Но о поэзии я хочу еще кое-что сказать. Так вот, лично для меня поэзия всегда была важнее прозы, тем более что традиция польской поэзии основательнее, чем прозаическая традиция, каковой, впрочем, скорее вообще нет, а если и есть, то невразумительная. Наверняка вследствие широко известной исключительности нашей нации у нас все было наоборот, не так, как принято; поэты выражались ясно, а прозаики туманно, поэты овладели искусством построения фразы, а прозаики отнюдь. Ведь до сих пор даже самые сильные в прозе Старые Поляки, Пасек или Скарга, требуют серьезной читательской концентрации, нужно по меньшей мере внимательно следить, где начало, а где конец фразы. Чеслав Милош — нет, все-таки удивительно, что Сталя не знал деталей одного из ключевых его стихотворений, — так вот, Чеслав Милош многократно и в разных местах писал об отсутствии постановки голоса у старопольских писателей.
Тем не менее, когда смотрю я на полку с польской прозой, то вижу, что не только все Старые Поляки, с Марией Виртемберской включительно, стоят на ней как стояли, но что ксендз Скарга чуть ли не первым здесь писателем — по рангу занимаемого места — оказывается.

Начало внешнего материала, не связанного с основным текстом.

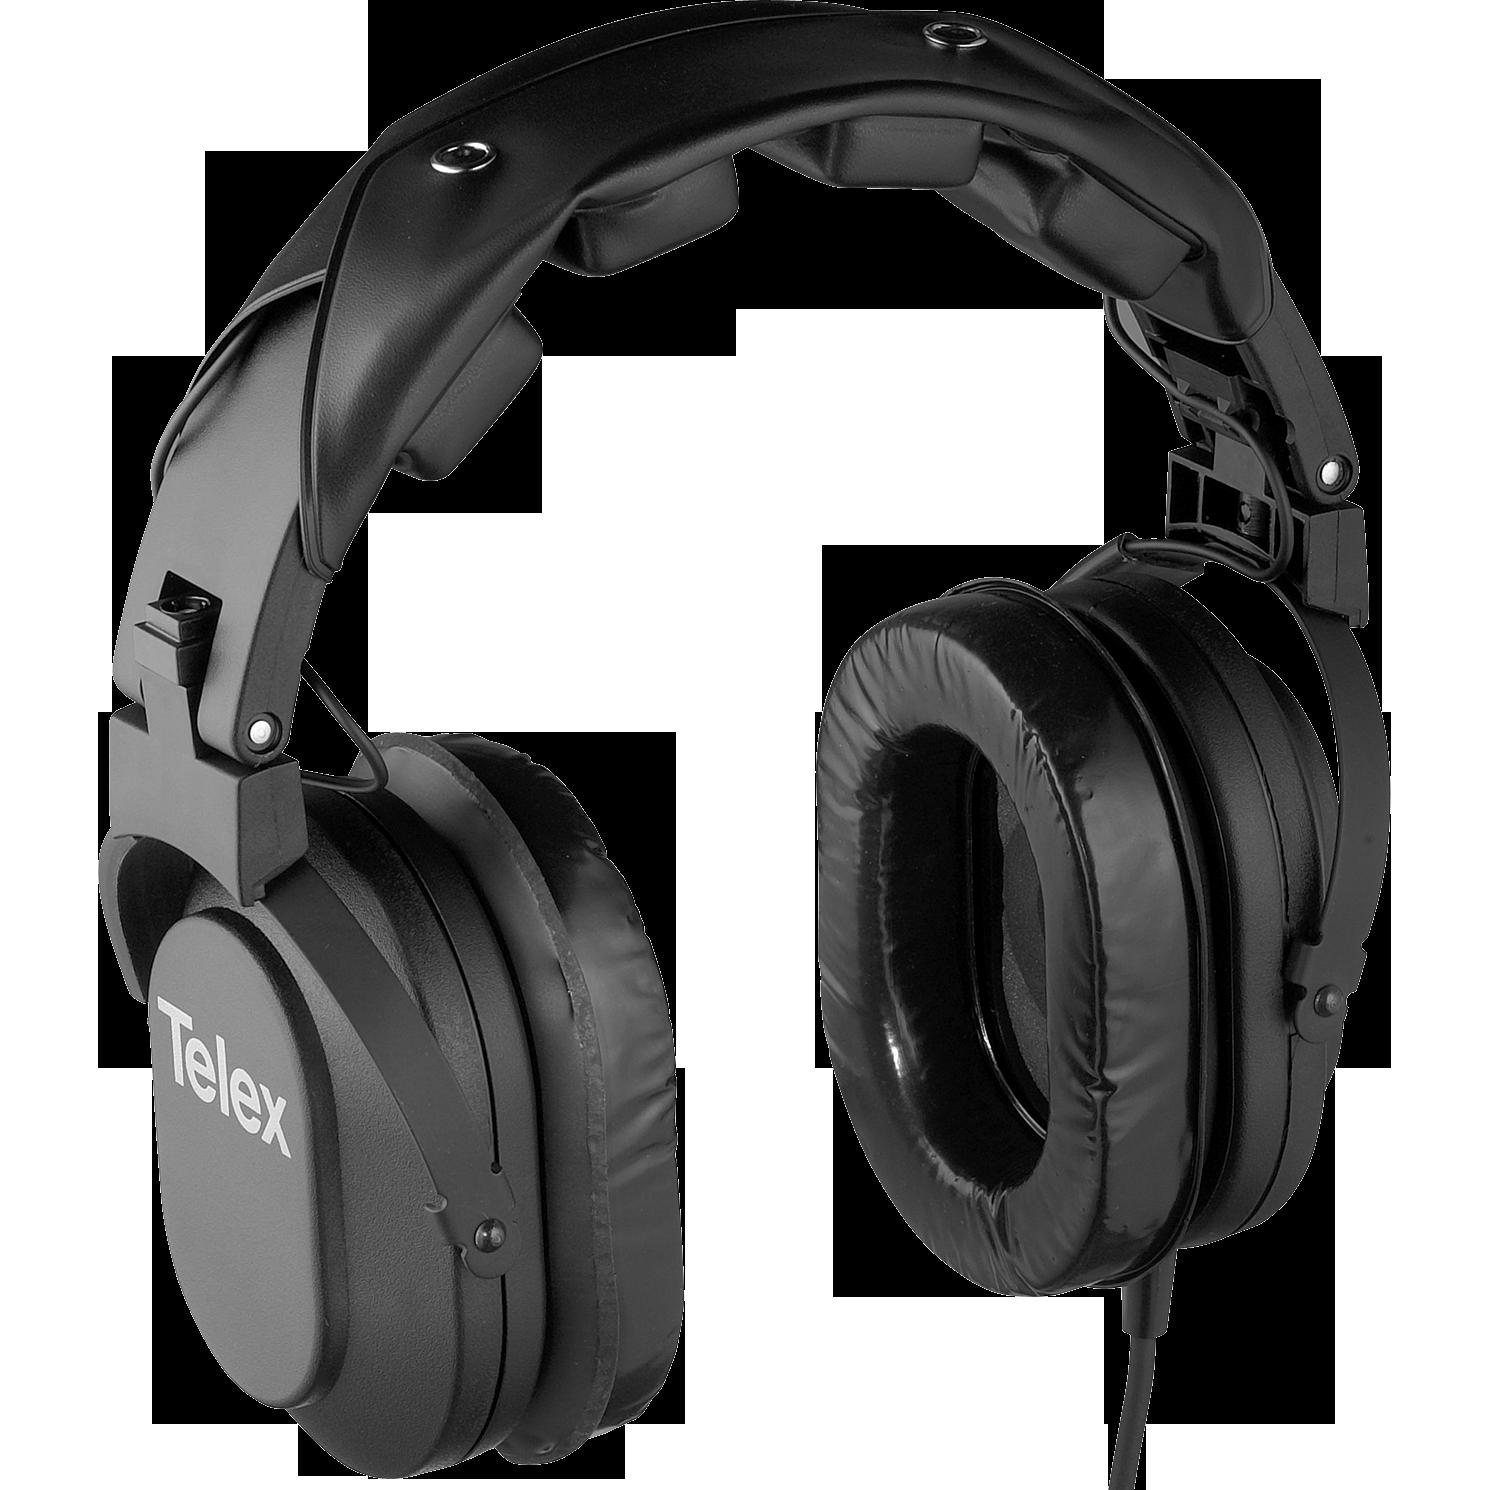 Headphones Png Image #20163 - Headphones, Transparent background PNG HD thumbnail

Принимая во внимание своеобразные взгляды ксендза на протестантизм, это может производить впечатление несколько парадоксальное, но что поделаешь, люблю, люблю я время от времени почитать себе вслух какой-нибудь фрагмент из «Житий» или «Сеймовых проповедей», а проповедь четвертую, «О третьей болезни Речи Посполитой, которая есть нанесение ущерба католической религии через еретическую заразу», люблю я особенно. Никакой инфантильной извращенности в этом предпочтении вовсе нет, только лишь неопровержимая вера, что с точки зрения литературного потенциала мученичество выразительнее веротерпимости, памфлет интереснее панегирика. Большое эстетическое счастье, что Скарга вовсе не был предвестником экуменизма, ведь тогда читать его было бы совершенно невозможно. А так натыкается человек на строчку о «еретической науке, добродетель иссушающей и корень ей подрезающей», натыкается человек на такой пассаж и волнующе задетым в самой чувствительной точке себя ощущает.
Старые Поляки стоят на полках нетронутыми как стояли, ведь даже на больную голову не придет мысль, чтобы их трогать, — как не тронул я Гомбровича, Шульца или Виткация. Чем увереннее, однако, не трогал я классиков, тем более основательному перемещению подвергся литературный молодняк. Что касается молодежи не живущей, то действовал я — как сейчас вижу — примерно следующим образом: всю молодежь не живущую, например, Хласко, Бурсу, Иредынского, Стахуру, Брыхта, я отправил в Вислу, из живущей молодежи оставил только Хюлле, остатки же живой молодежи, например, Андермана, Стасюка, Комольку, Юревича, Мусяла, Токарчук, Битнера, Филипяк, Гретковского, Слыка, Кирша, Тулли, Солтысика, поделил на две группы, а именно на группу пишущих юношей и группу пишущих девушек; молодежь поделил, первую группу отправил в Вислу, а вторую отнес в «Тыгодник Повшехны».